I'm doing something this week I never expected to do in my lifetime: driving cross-country alone. . .well, not alone exactly. . .with a dog and a bird. If that sounds like a circus train that derailed somewhere back apiece, well, it is. And it did.
It's not like I haven't made this trip before, but for the last eighteen years I've made it, usually twice a year, with the husband whose loss we're all mourning, soulmate, co-pilot, and in recent years, navigator. That hole we face daily is still big enough to jump through and dangles in front of us as we wander forward.
I feel more than a little guilty for ever indulging a thought I couldn't do this, when I had ancestors who walked the plains. I get a ribbon of Interstates and a hundred Cracker Barrels, more or less, their white rockers waiting for well placed bottoms, jet trails in the sky, pecan stands and peaches, Jack and Diane.

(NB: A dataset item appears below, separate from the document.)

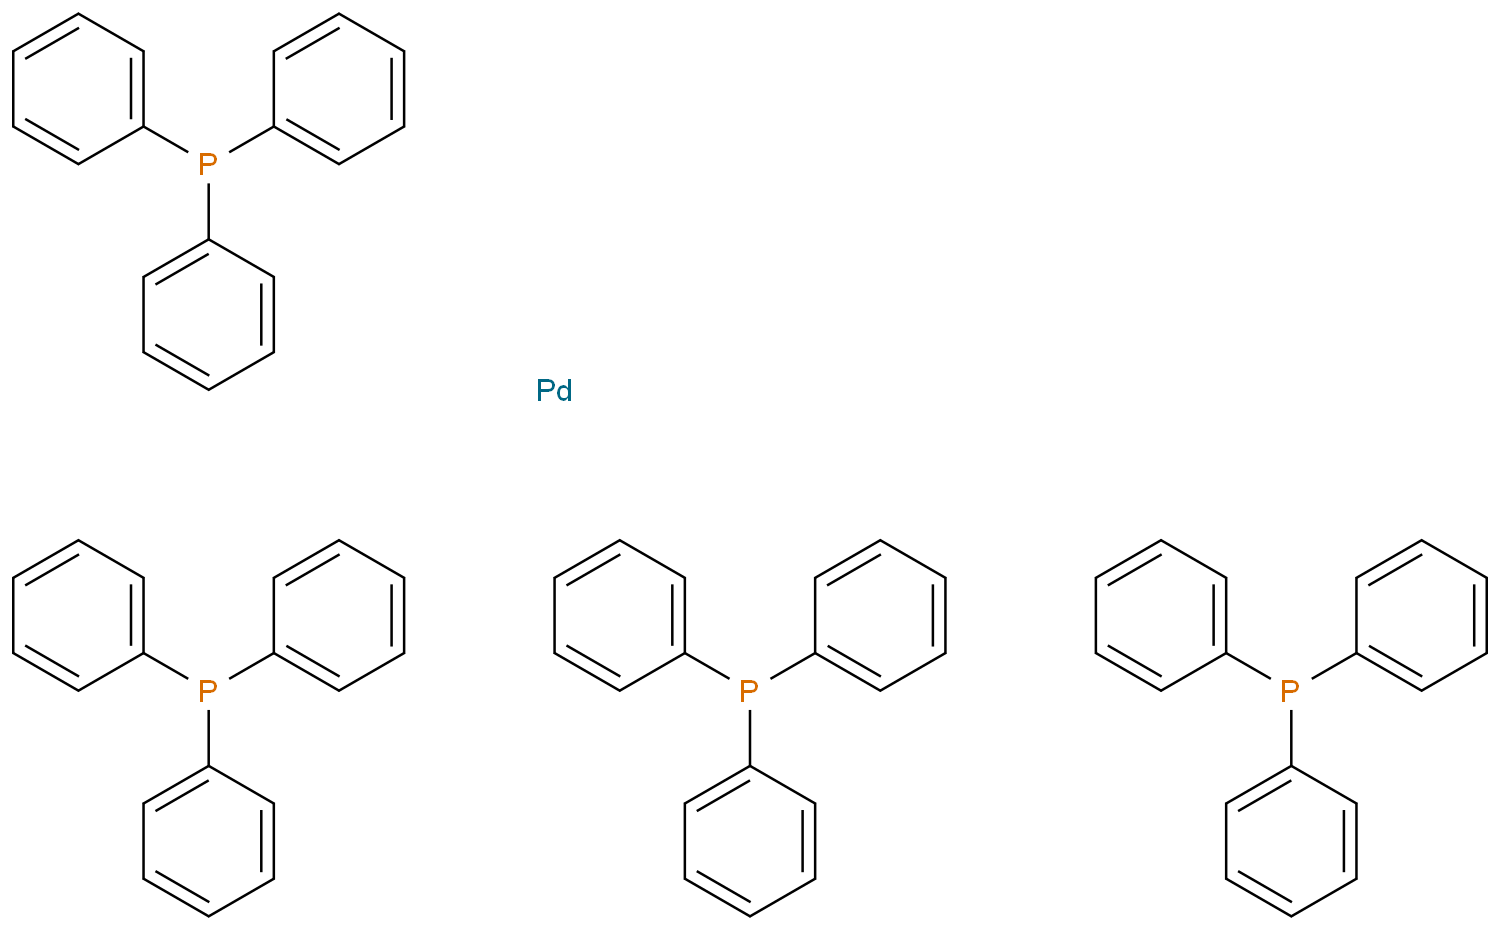 Tetrakis(triphenylphosphine)palladium

It seems like such a small thing when Ashley can't stop thinking of Bentley and the guy on extreme weight loss can minus 315 lbs in a year when his lamppost used to leave him breathless. 'I'd like to see Maureen Dowd doing it,' I think as I'm reminded not to stand on wet tile as I use the hairdryer stuck in the wall, already far too precariously near the vanity sink. Just as well this is a handicapped room, no young squaw affianced to a French trader, no Rendezvous on the horizon.
Three things are needful: red licorice, teriyaki jerky and cold water. On these we can survive, hoping we don't break down in Memphis and have to take to the streets, sing for our supper, or dance with a twister. A girl could go gray waiting for the help that never comes, no Valjean to lift the wagon, no bishop offering candlesticks, and finally it becomes self-evident we are our own ringleaders, no whips to crack, fingers to snap.
My dad put the gypsy in me long ago, sandwiched in sleeping bags in the back of a station wagon. I'm reminded my husband made this journey alone once, stopping at Weeki Wachee and Cafe Risqué, something about mermaids.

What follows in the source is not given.